Meat-type Chickens-Questions (Poultry) : LUSENET : Countryside : One Thread

Have a couple of questions on meat-type birds.

Cornish-X broiler - Taste? Tenderness? Costs?

Other meat type chickens - Breeds? Taste, ect...

How do the Cornish-X compare to other types? And is there really a difference in taste among types?

Last question, is it possible to feed a natural diet, without additives and still be cost effective? Does diet affect taste of bird? Oops, that was the last question. Thanks!

-- Wendy@GraceAcres (, February 19, 2001


In our experience, the biggest difference in the meat birds (Cornish X) is that they grow way faster, have more breast meat, and are far easier to pluck, which for us weighs heavily in the advantage area.

As for taste-I don't think there is a difference, though older roosters can have tougher or stringier meat. But I have limited expereience.

I am sure you can feed a more natural diet-not sure if it would be cheaper or as quick as the commercial feeds. But then where we are, we can request chicken feeds that are not full of drugs etc.

One thing I would recommend is if you are planning to start pullets and meat birds at the same time-raisde the cornish crosses seperately- they are pigs! We tried to do it with them together, and it was not the best. Also it is better, in my opinion if the meat birds can be grown where they can get outside and also to aim for 8-9 weeks instead of 6 weks. Slowing them down a bit, helps avoid leg problems- though it might not eliminate it entirely. we also would recommend getting them so you can get the butchering over before it gets too hot and the flies are a real hassel. Here (sw MO) that means getting them so butchering happens in late May.

Hope that helps some-we never did figure up the cost-but the taste was far better than the store bought chicken.


anyone ever try the jumbo birds McMurry sells-for roasters?
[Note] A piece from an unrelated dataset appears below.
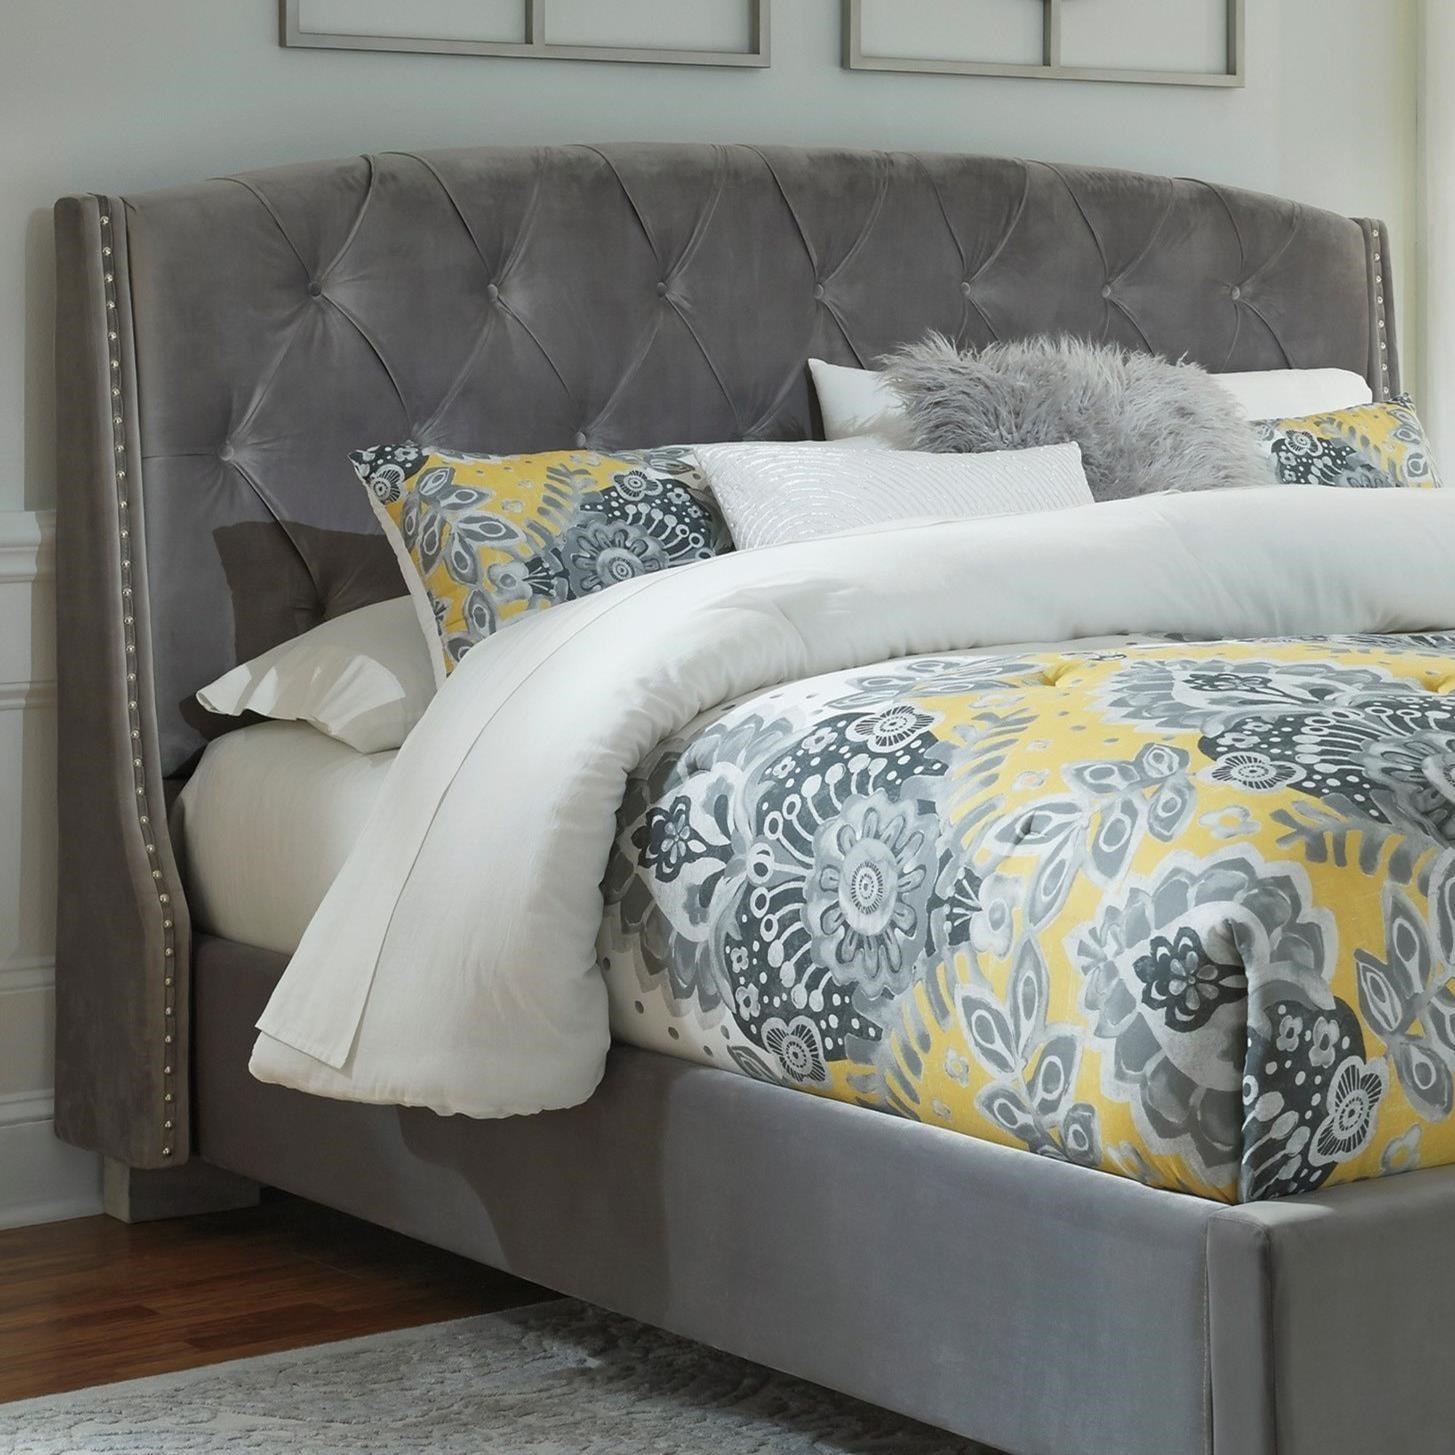 queen upholstered headboard and frame beige signature design by ashley kasidon queen upholstered headboard in gray velvet

We are toying with the idea-but they are expensive.

-- Sarah (, February 19, 2001.

I think we figured about $4 a bird, including purchase of the chick and the feed. I'm not sure how cost effective that was, but they did make excellent meat. You get much more meat than raising "meat type" roosters of other breeds. As far as these chickens are concerned, though, their purpose in life is to eat and poop. They lay around and are very nasty if you don't move them about. The portable coop is really the only way to go with them, so that they are on fresh grass every day. (We bought all natural feed from a local producer, and it did cost a bit more than what I buy for my hens.)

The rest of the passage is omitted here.